# 13.2: Describing One-Dimensional Motion

**At Grade**Created by: CK-12

We will start by describing one-dimensional motion, even though the LAS is embedded in a three-dimensional world. As long ago as the 17th century, Galileo Galilei (1564-1642) made great progress in understanding motion in three-dimensions by breaking the problem into separate one-dimensional problems. From centuries of study, scientists have determined that position, velocity, and acceleration are the important and necessary quantities to describe motion. See the Kinematics chapter in this book for more discussion of one-dimensional motion: motion diagrams, observing motion with motion sensors, graphing of motion and understanding graphs of motion. Also see Laboratory Activities in this book for experiments on motion.

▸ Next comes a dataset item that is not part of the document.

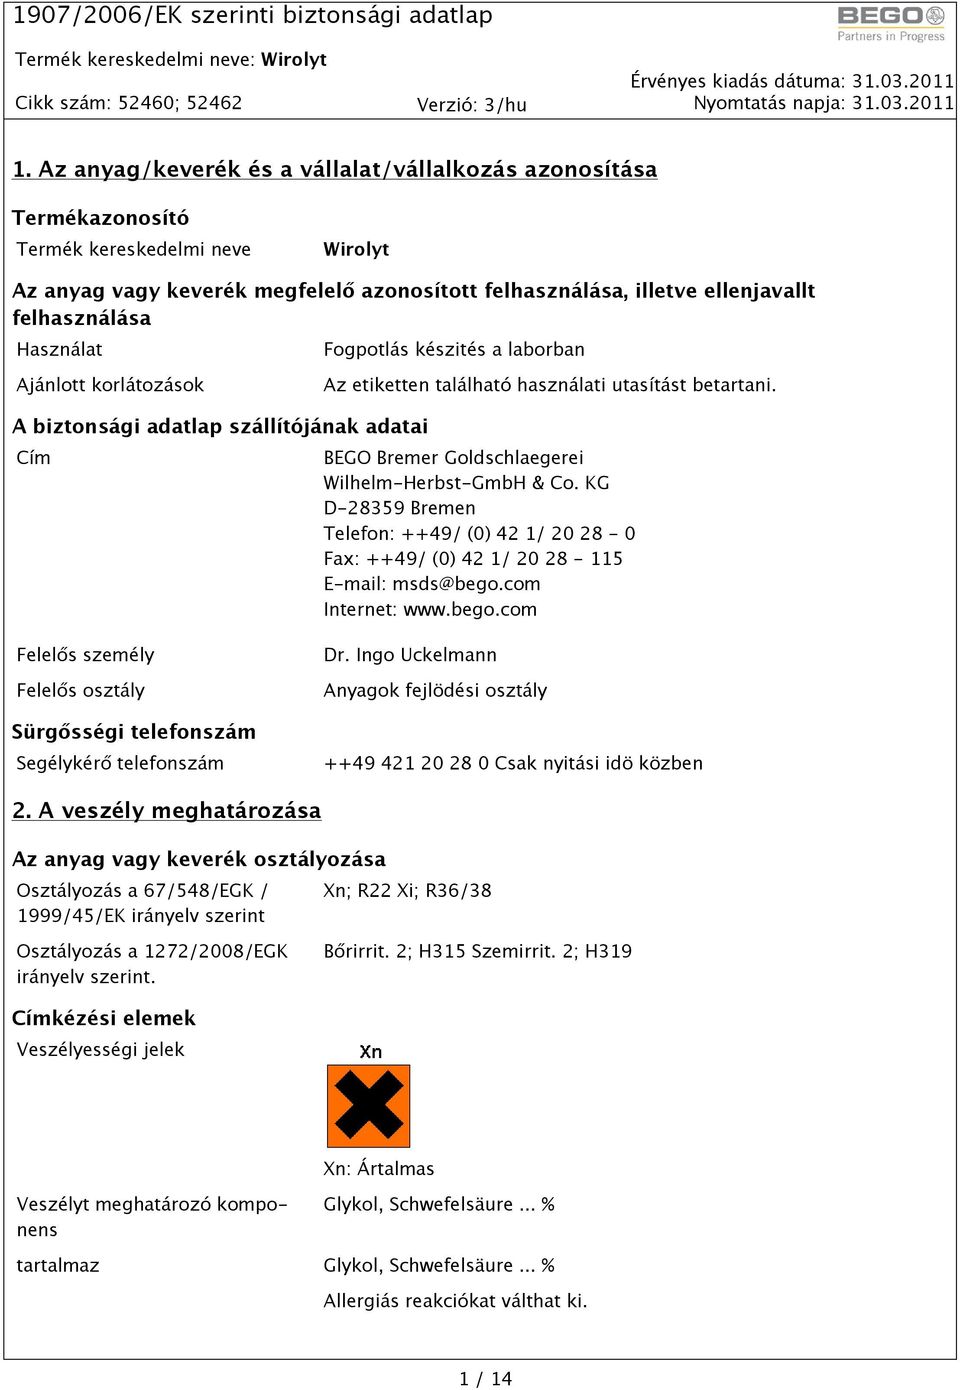 A biztonsági adatlap szállítójának adatai Cím BEGO Bremer Goldschlaegerei Wilhelm-Herbst-GmbH & Co. KG D-28359 Bremen Telefon: ++49/ (0) 42 1/ 20 28-0 Fax: ++49/ (0) 42 1/ 20 28-115 E-mail: msds@bego.

## Position and Displacement

Position is where you are in space. It is measured with respect to a coordinate origin using MKS units of meters. When simulating the one-dimensional rocket, we will be interested in the up and down position of the rocket. We often call that the y direction and the position value y. Displacement is defined as the difference in position between two elapsed times. Displacement differs from our concept of distance. If we make a round trip going from Minneapolis to Grand Rapids Minnesota, the displacement is zero while the distance traveled is around 650 kilometers. Displacement, not distance, is the crucial concept in understanding motion.

## Velocity

Velocity is how fast you move through space. It is the rate of change of position with time. Average velocity is defined as the displacement divided by the time elapsed. For large elapsed times, average velocity gives us a very rough idea of how rapidly we moved through space and sometimes not even that. For the round trip described above the average velocity is zero even though we may have been moving at a reasonable average rate during the whole trip. The concept of average velocity becomes most useful when we consider its limit as the elapsed time interval approaches zero. Then we get a measure of the rate of motion at the instant in question. We call the limit of the average velocity as the elapsed time approaches zero the instantaneous velocity. When we speak of motion in the y direction we call this v_{y}. If you know calculus, it is the derivative of position with time dy/dt. Graphically, instantaneous velocity is the slope of the tangent line to the y vs. t curve at the time in question (see the Kinematics chapter for more detail). The concept of instantaneous velocity is essential to a further understanding of motion.

## Acceleration

Velocities aren't always steady - they often change with time. Sometimes the magnitude (or absolute value) of the velocity increases, like when you drop a ball, and sometimes velocities decrease or stay steady. It is valuable to realize that we use the same process in defining rates of change of velocity as we did above when defining rates of change of position. Acceleration is the term we use for rate of change of velocity. Average acceleration is the change in velocity divided by the elapsed time. Again it is instantaneous acceleration, or the limit of the average acceleration as the elapsed time approaches zero, that tells the best story about motion. If you know calculus, it is the derivative of velocity with time dv_{y}/dt. Graphically, instantaneous acceleration is the slope of the tangent line to the v_{y} vs. t curve at the time in question. On Earth, freely falling objects accelerate downward at roughly 10 m/s^{2}. Once the rocket engines cut off, the only force on the rocket is gravity (if we neglect air resistance) and we say the rocket is in freefall accelerating downward at a constant rate – even if its motion continues upward for some time.

## Positive and Negative

It is important to assign a positive or negative sign to the values of position, velocity and acceleration. It makes a big difference whether the rocket is going upward or downward. We will choose upward as positive. You could choose downward as positive as long as you are consistent, but every sign would be interpreted oppositely. For position, picking upward positive means that everything above the origin (launch pad) is positive and everything below is negative. For velocity, moving upward is positive and moving downward is negative. Finally, the acceleration of the rocket during the burn is positive because we are increasing its velocity upward. Once the burn stops, the acceleration is negative because gravity pulls the rocket downward. Use the concepts of positive and negative when you analyze and interpret your data and graphs later.